### General training pipeline in PyTorch

1. Design model (# of inputs and outputs, forward pass)
2. Construct loss and optimizer
3. Build training loop
    - forward pass: compute prediction
    - backward pass: gradients 
    - update weights

In [58]:
import torch
import torch.nn as nn

In [59]:
# Function f = 2 * x 

# Create training samples
x = torch.tensor([[1], [2], [3], [4]], dtype = torch.float32)
y = torch.tensor([[2], [4], [6], [8]], dtype = torch.float32)

x_test = torch.tensor([5], dtype = torch.float32)

n_samples, n_features = x.shape

input_size = n_features
output_size = n_features

model = nn.Linear(input_size, output_size)

# model prediction before training
print(f"Prediction before training: f(5) = {model(x_test).item():.3f}")

Prediction before training: f(5) = 0.678


In [60]:
class LinearRegression(nn.Module):
    def __init__(self, input_dim, output_dim):
        super(LinearRegression, self).__init__()
        # define layers
        self.lin = nn.Linear(input_dim, output_dim)
    
    def forward(self, x):
        return(self.lin(x))
    
model = LinearRegression(input_size, output_size)

In [61]:
# Training
learning_rate = 0.01
n_iters = 100

loss = nn.MSELoss()
optimizer = torch.optim.SGD(model.parameters(), lr=learning_rate)

for epoch in range(n_iters):
    # prediction
    y_pred = model(x)
    
    # loss
    l = loss(y, y_pred)
    
    # gradients --> backward pass
    l.backward() # calculate dl/dw and will accumulate the result in w.grad
    
    # update weights
    optimizer.step()
        
    # Zero the gradients
    optimizer.zero_grad()
    
    if epoch % 10 == 0:
        [w, b] = model.parameters() 
        print(f"Epoch {epoch + 1}: w = {w[0][0].item():.3f}, loss = {l:.8f}")

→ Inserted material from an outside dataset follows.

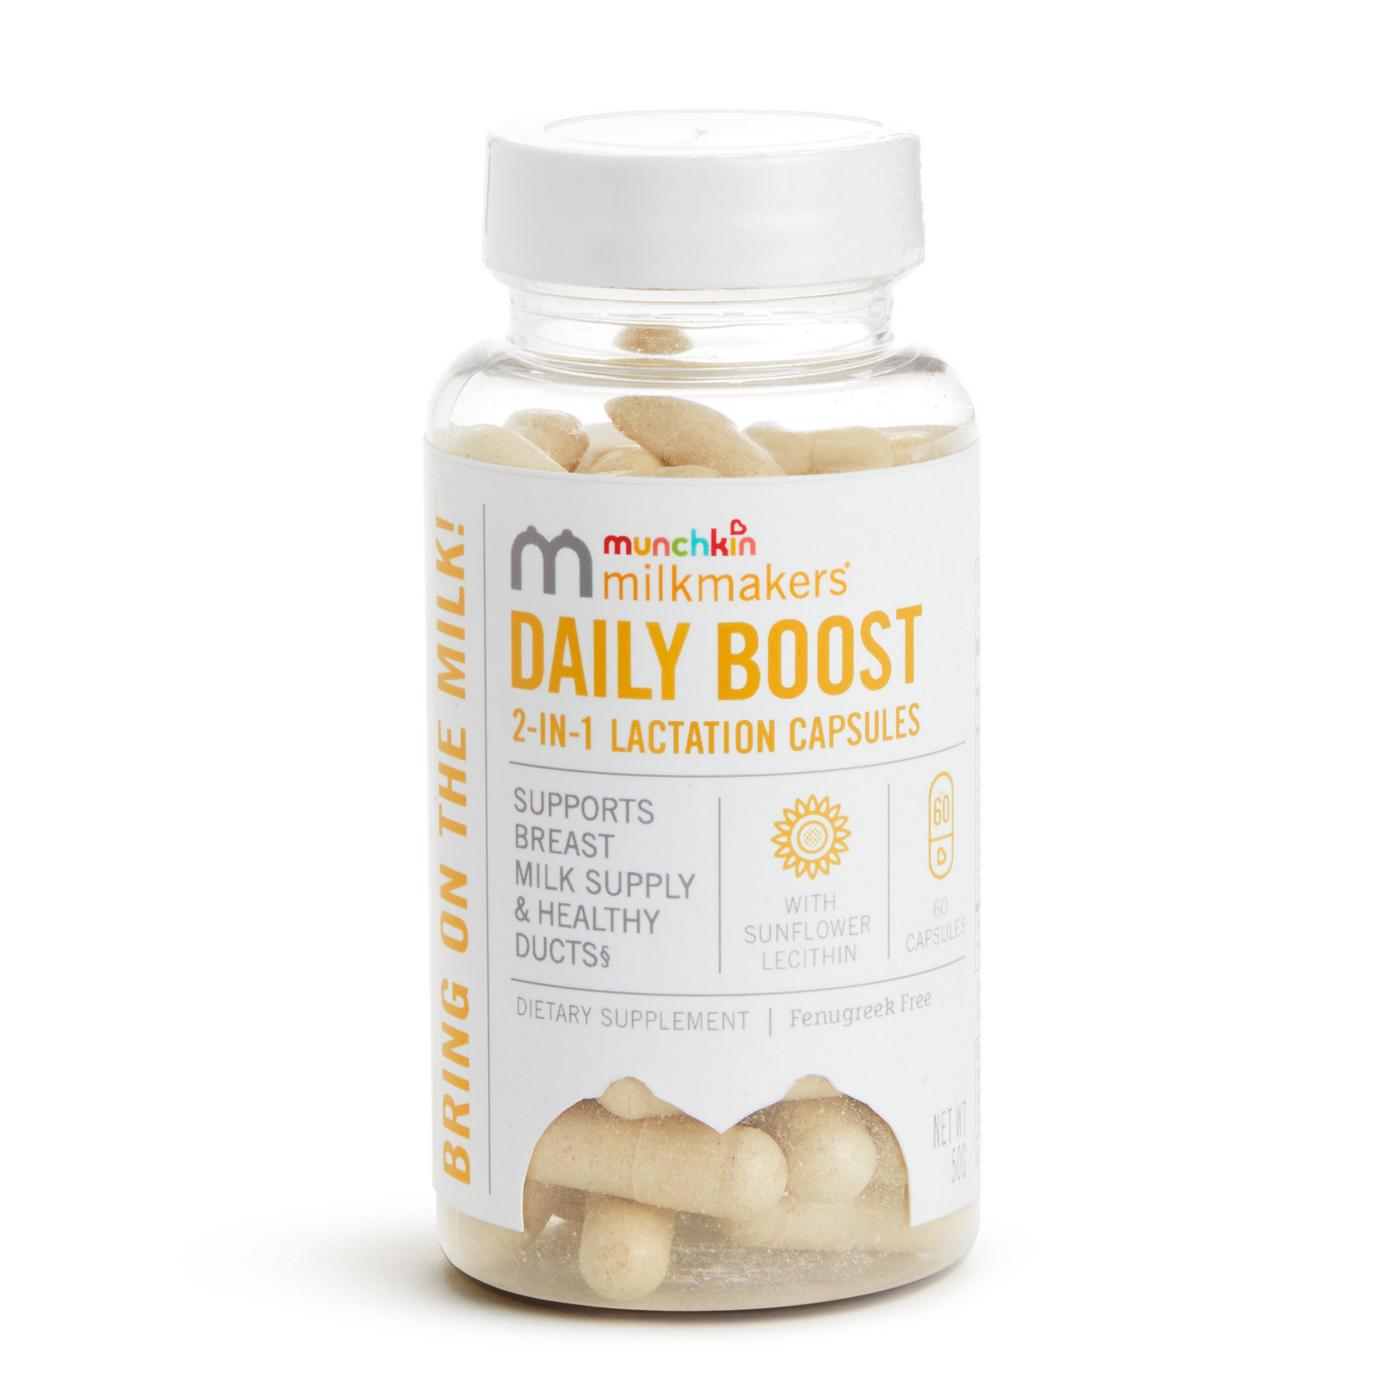 Munchkin Daily Boost 2-IN-1 Lactation Capsules; image 1 of 6
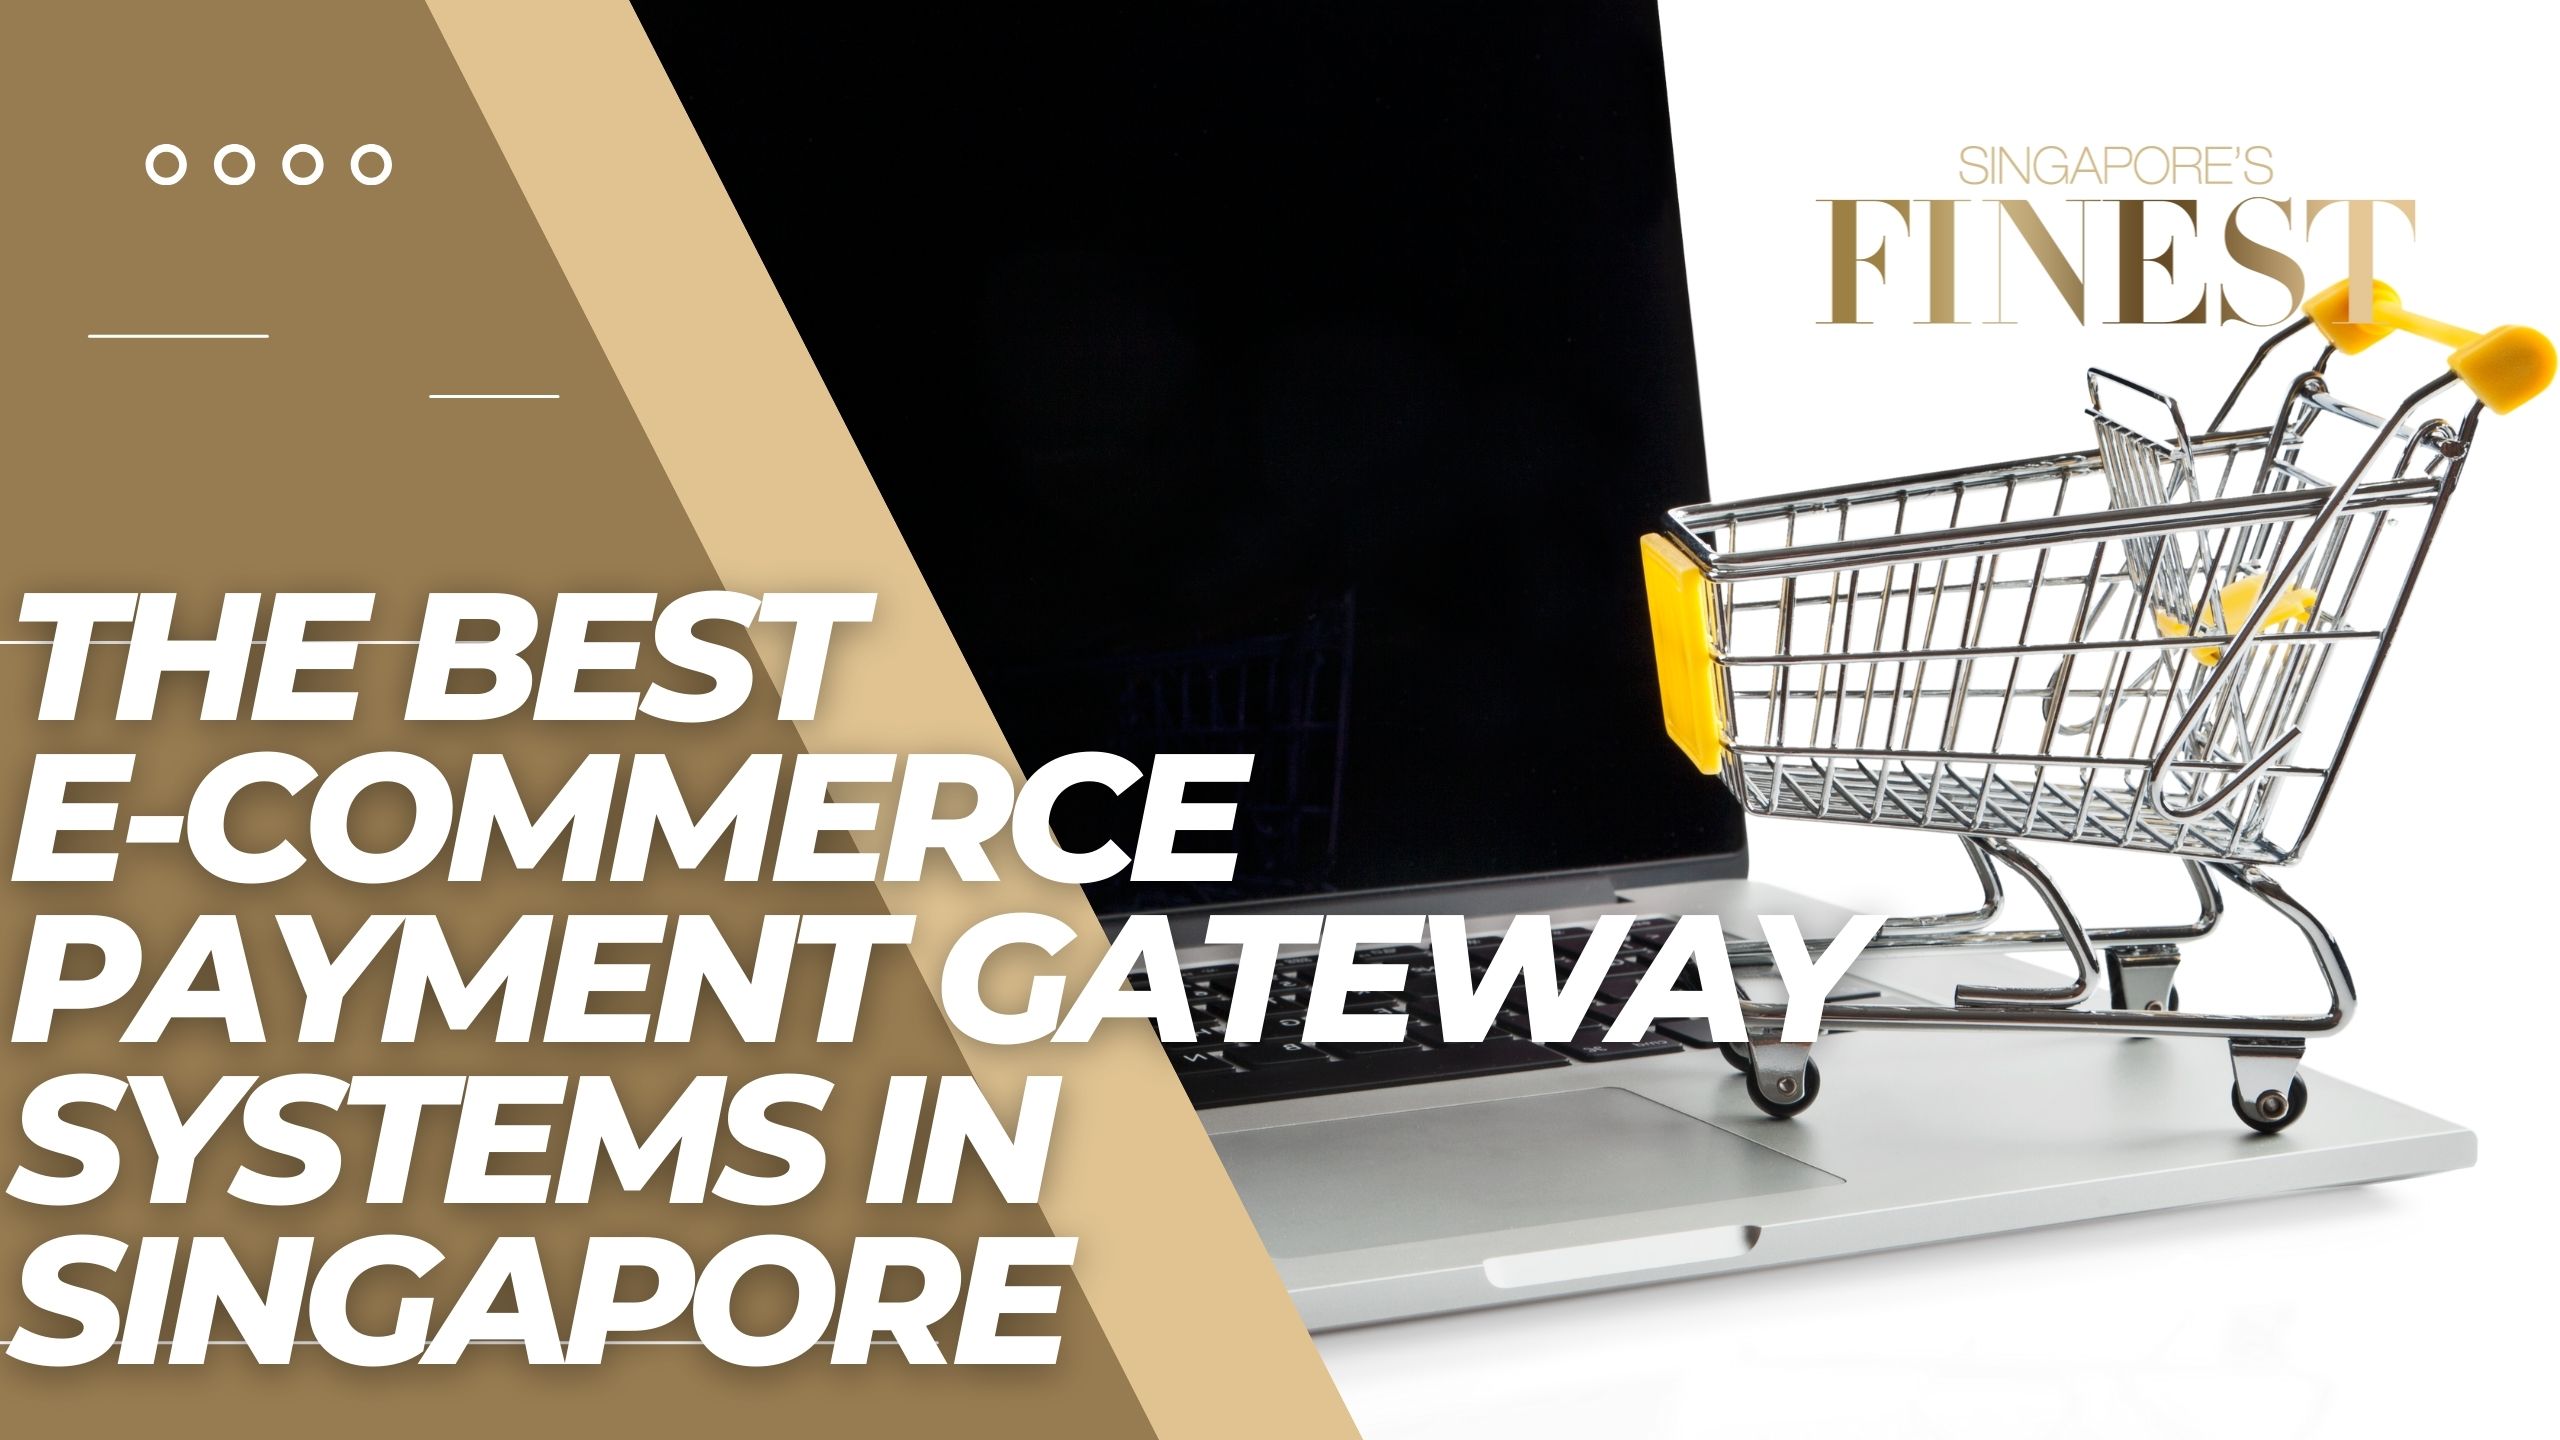 The Finest E-Commerce Payment Gateway Systems in Singapore

print(f"Prediction after training: f(5) = {model(x_test).item():.3f}")

Epoch 1: w = 0.523, loss = 30.30854416
Epoch 11: w = 1.783, loss = 0.78502476
Epoch 21: w = 1.985, loss = 0.02112963
Epoch 31: w = 2.017, loss = 0.00131824
Epoch 41: w = 2.022, loss = 0.00076075
Epoch 51: w = 2.022, loss = 0.00070403
Epoch 61: w = 2.021, loss = 0.00066272
Epoch 71: w = 2.021, loss = 0.00062415
Epoch 81: w = 2.020, loss = 0.00058782
Epoch 91: w = 2.020, loss = 0.00055361
Prediction after training: f(5) = 10.039


Note that the output is not perfect and is subject to change because the initialization of the model is random and the optimizer technique can be different based on the optimizer you choose and the random seed / learning rate it uses. 

---
In fact, the nn.LinearRegression is the same as below.

In [None]:
class LinearRegression(nn.Module):
    def __init__(self, input_dim, output_dim):
        super(LinearRegression, self).__init__()
        # define layers
        self.lin = nn.Linear(input_dim, output_dim)
    
    def forward(self, x):
        return(self.lin(x))
    
model = LinearRegression(input_size, output_size)